Low-Carb Grain-Free Pumpkin Spiced N’oatmeal
I don’t know about you, but I will pick sweet breakfast foods over savory nearly any day of the week. Especially while breastfeeding. ESPECIALLY when it’s chilly outside.
When we went paleo, the thing I missed most was oatmeal(and let’s be real…donuts and bagels and all thing carbs). Traditional oatmeal, whether gluten-free or not, always messed up my tummy and left me feeling horrible. Brain fog, breakouts on my face, fatigue. I knew cutting these grains out of my diet was the best thing for me, but I missed them nonetheless.
I tried different combinations of things to try to recreate the texture and taste, but it just wasn’t right. Until I went keto, and discovered hemp hearts. I talk about them a lot, mainly because I LOVE THEM and they are SO incredibly good for you.

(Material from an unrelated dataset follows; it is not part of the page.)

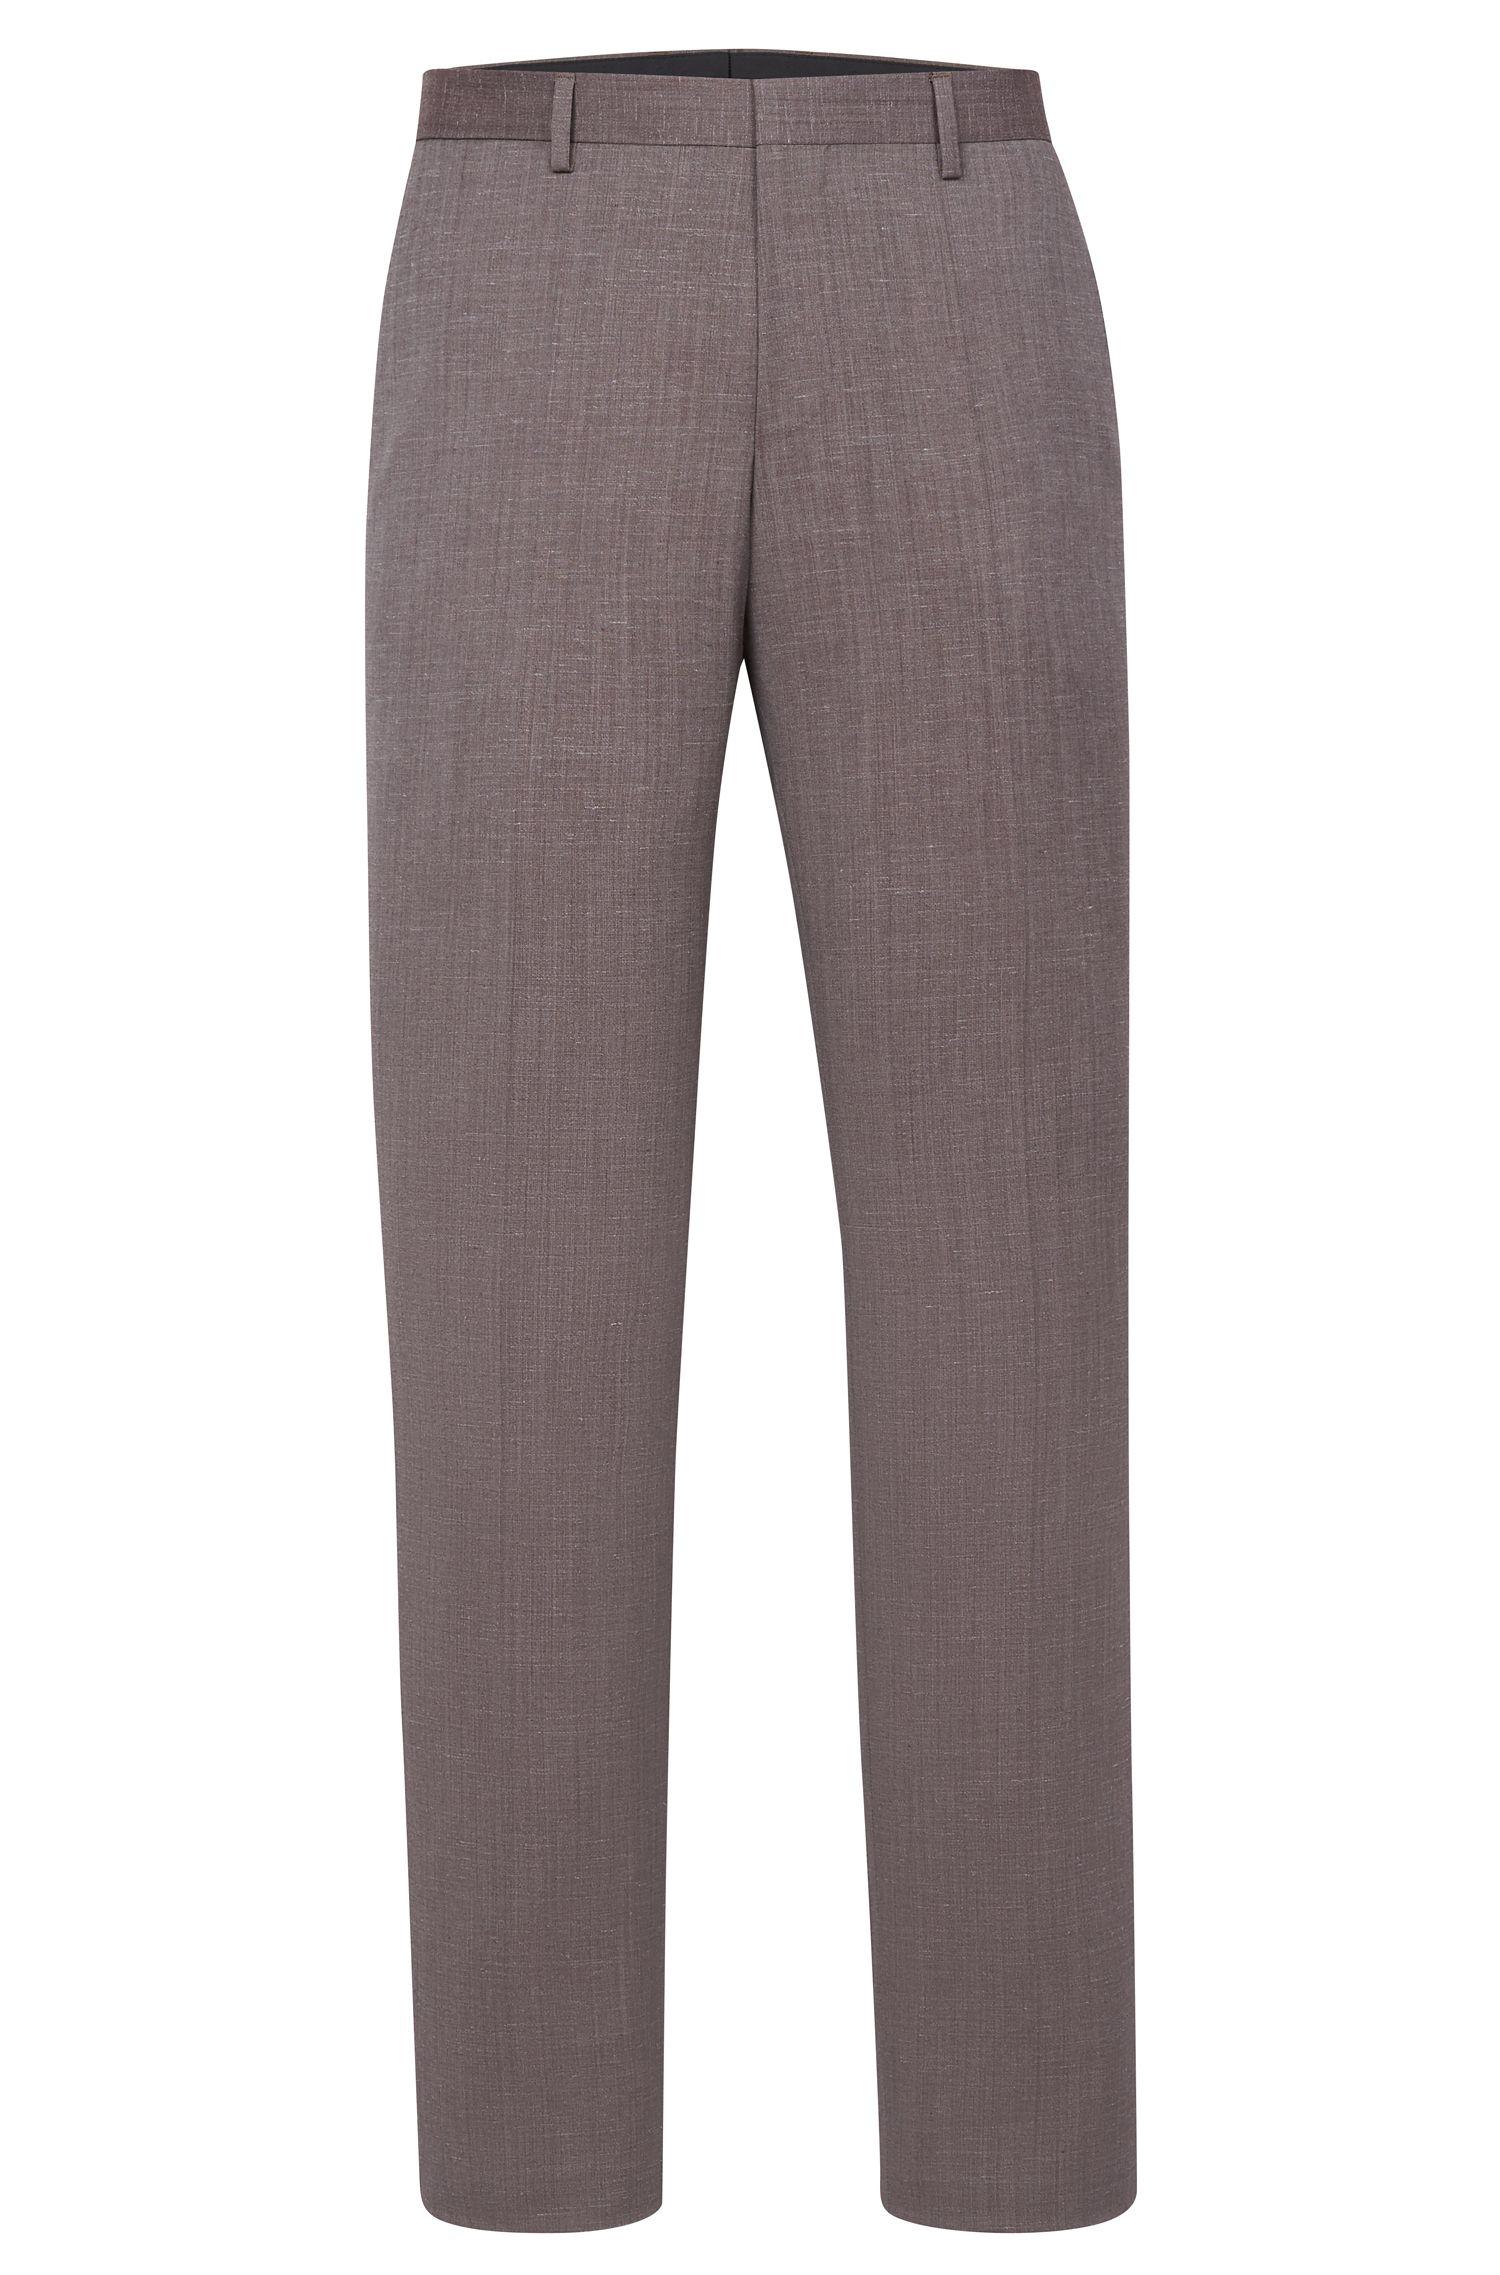 'Benso' | Slim Fit, Super 100 Virgin Wool Dress Pants

This recipe is packed with protein and healthy fats as well, making them keto-friendly, depending on how many carbs your body can handle. As a breastfeeding mother, I can handle 40-80 grams of carbs a day and not get kicked out of ketosis. But know your body, and what you can handle if you are following a ketogenic diet. For those needing to be in high therapeutic levels of ketosis, this recipe may not be for you.

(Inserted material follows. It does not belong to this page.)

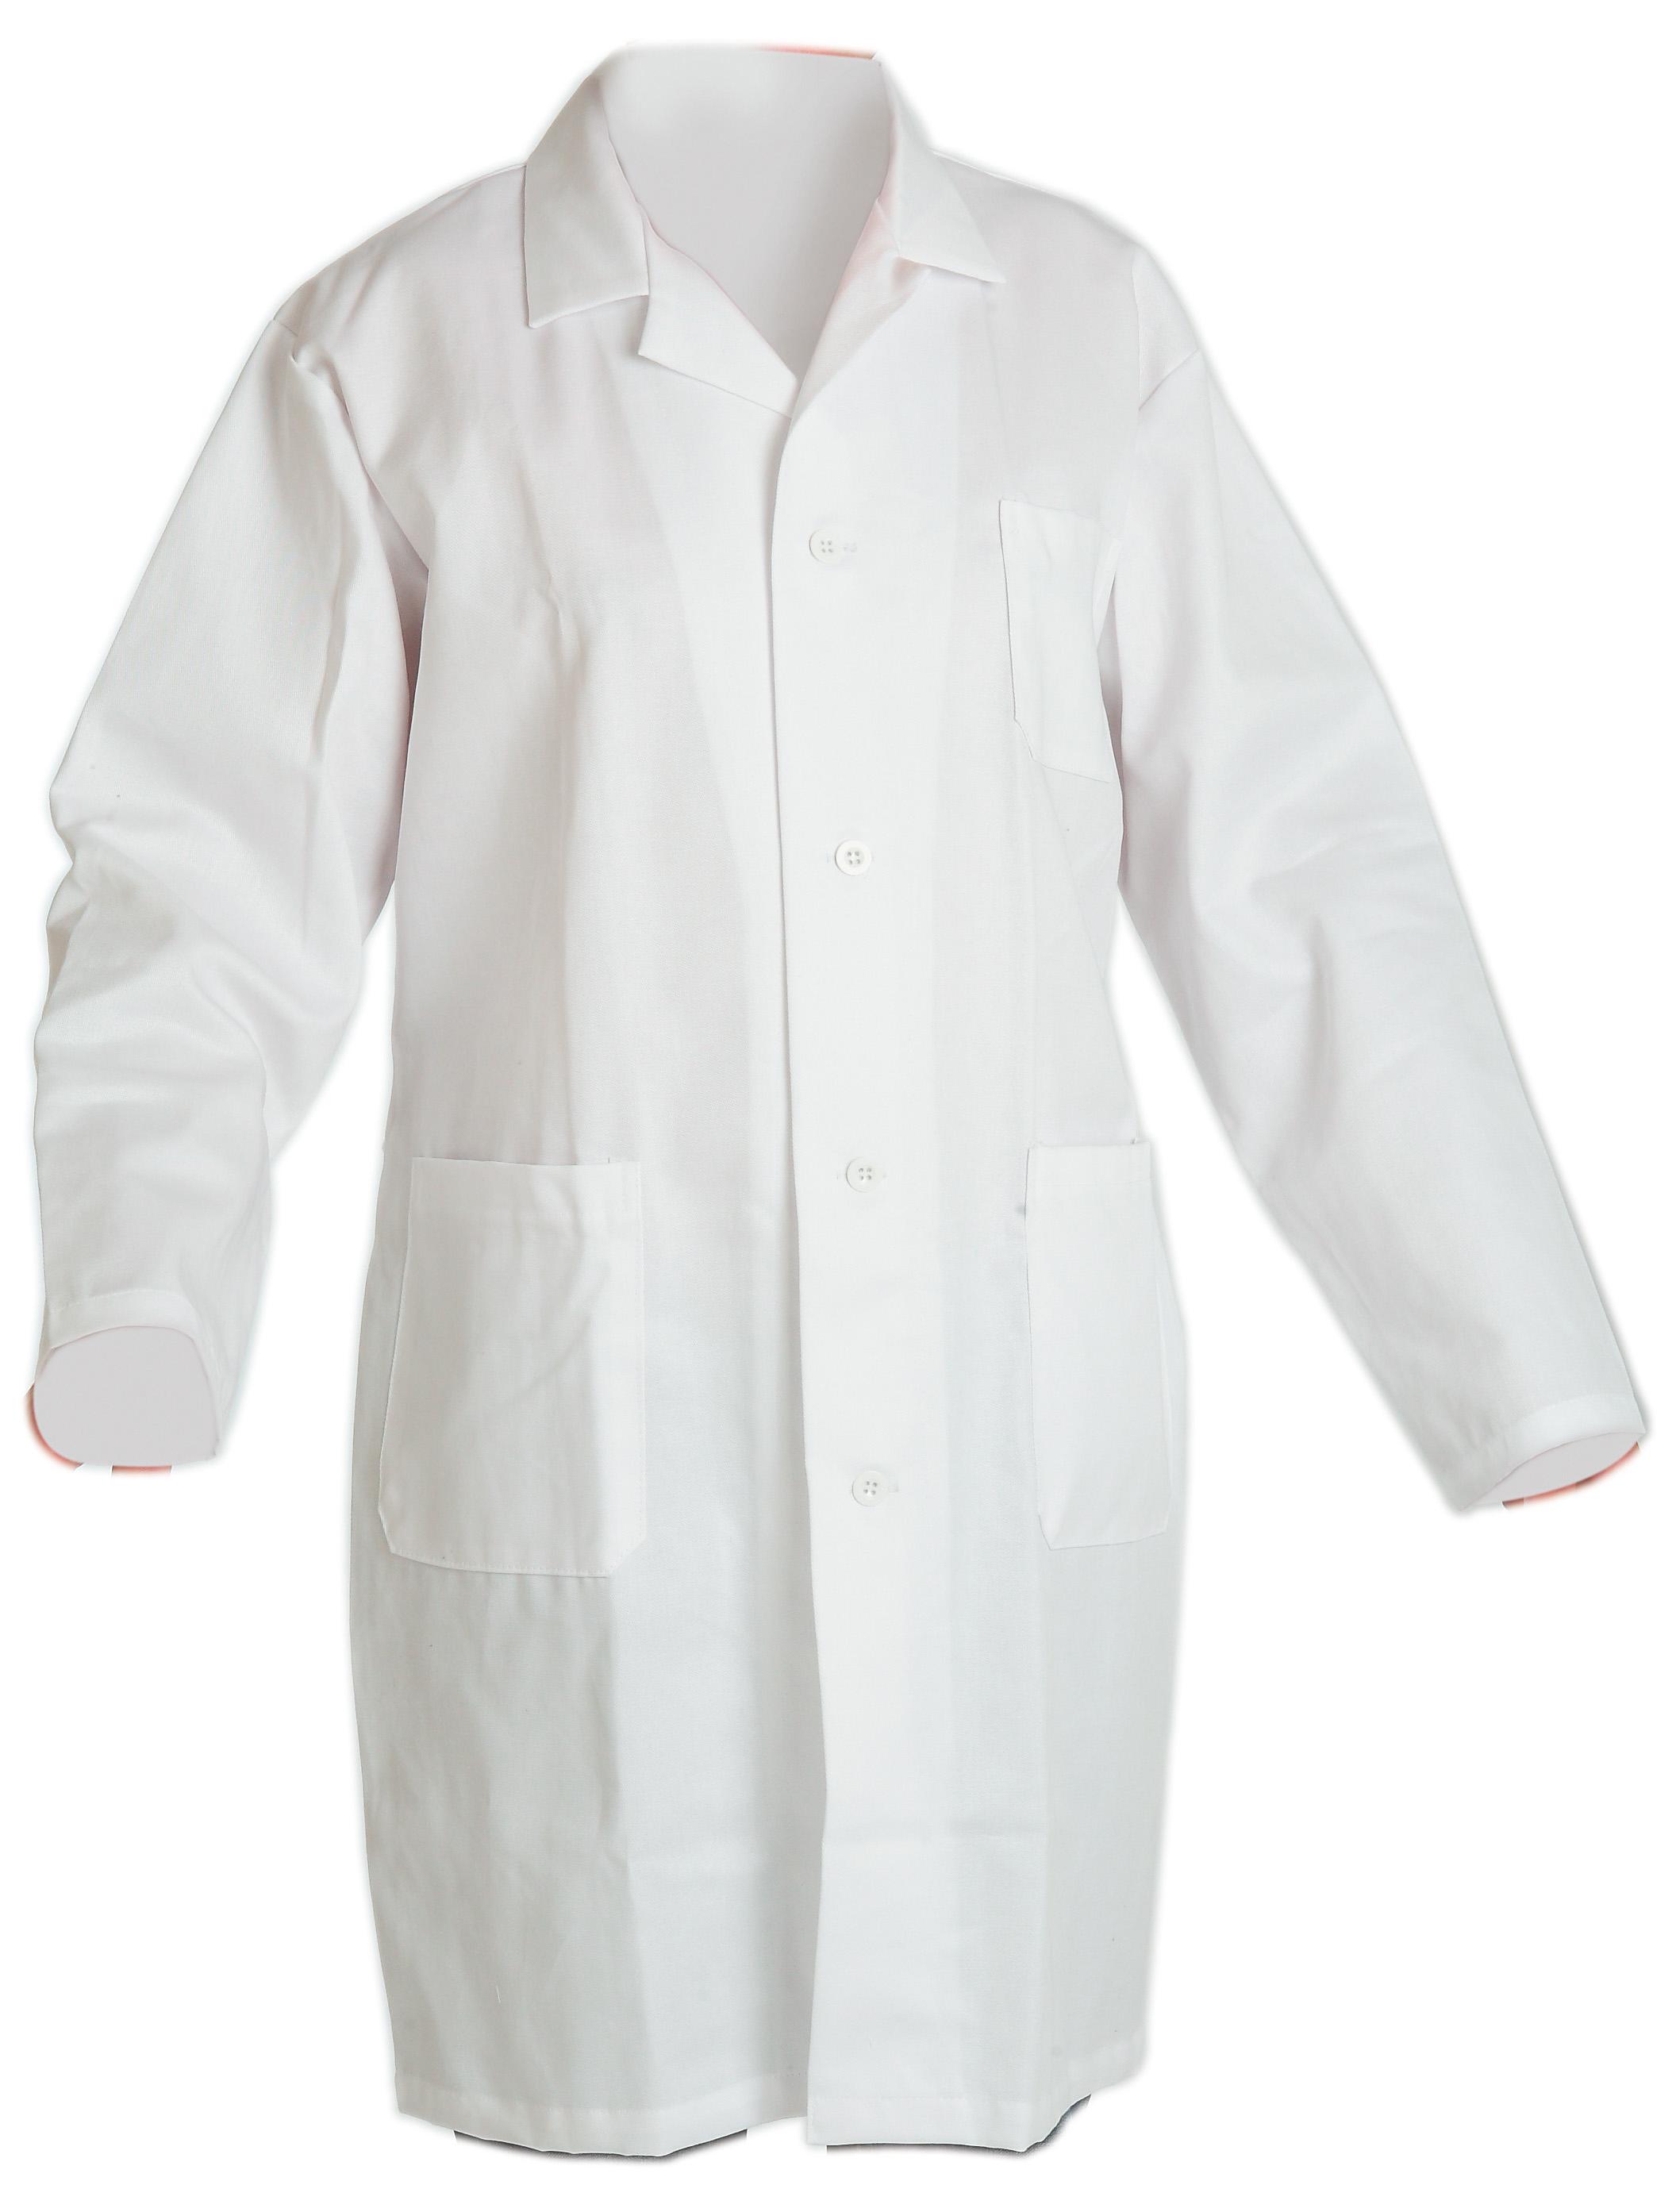 Orvosi Ruházat Medical Clothing  f9da699575

But beyond all these great nutritional benefits, these fake-out oats have just the right texture. They resemble a steel cut oat a bit more than your traditional cut oat, BUT adding in some shredded coconut helps give that bigger oat texture I was looking for as well. They are a dream.
The nice thing about this recipe is it is SUPER easy. It does take a while for the seeds to soak up the moisture from the coconut milk, so give yourself a bit of time when making them, but you can nearly just dump everything in a pot and stir periodically. Making it a great addition to your back-to-school morning routine!
Low-Carb Grain-Free Pumpkin Spiced N’Oats
Ingredients
- 1/4 Cup Chia Seeds
- 1/2 Cup Hulled Hemp Hearts
- 1/3 Cup Pumpkin Puree
- 1/4 Cup shredded coconut plus more for topping if desired
- 1 Can Full Fat Coconut Milk
- 1 tsp Cinnamon
- 1/4 tsp Ground Nutmeg
- 1/4 tsp Allspice
- 1/4 tsp Ground Cloves
- 1/2 tsp Ground Ginger
- 1 Scoop Grass-Fed Collagen Peptides, Vanilla Flavored
- 3 tbsp Coconut Oil
- 2 tbsp MCT Oil
Instructions
- First you will want to pour the coconut milk and add the oils into a small saucepan over medium to medium-low heat.
- Once you see the coconut oil begin to melt, you will then add the rest of the ingredients and mix with a spoon.
- Continue to stir every 2-3 minutes for the next 15 minutes, so it doesn't stick to the pan.
- You will see your n'oatmeal begin to thicken. After about 15 minutes, you can turn the heat off or down to low, and let it sit for about 5-10 more minutes. During this time it will continue to thicken into an oatmeal-like consistency.
- You can top your n'oatmeal with more coconut or hemp seeds, almond butter, granola, raisins or even chocolate chips! Whatever makes your heart and tummy happy! Just be aware that not all toppings are low carb/keto-friendly, and not all toppings are paleo-friendly.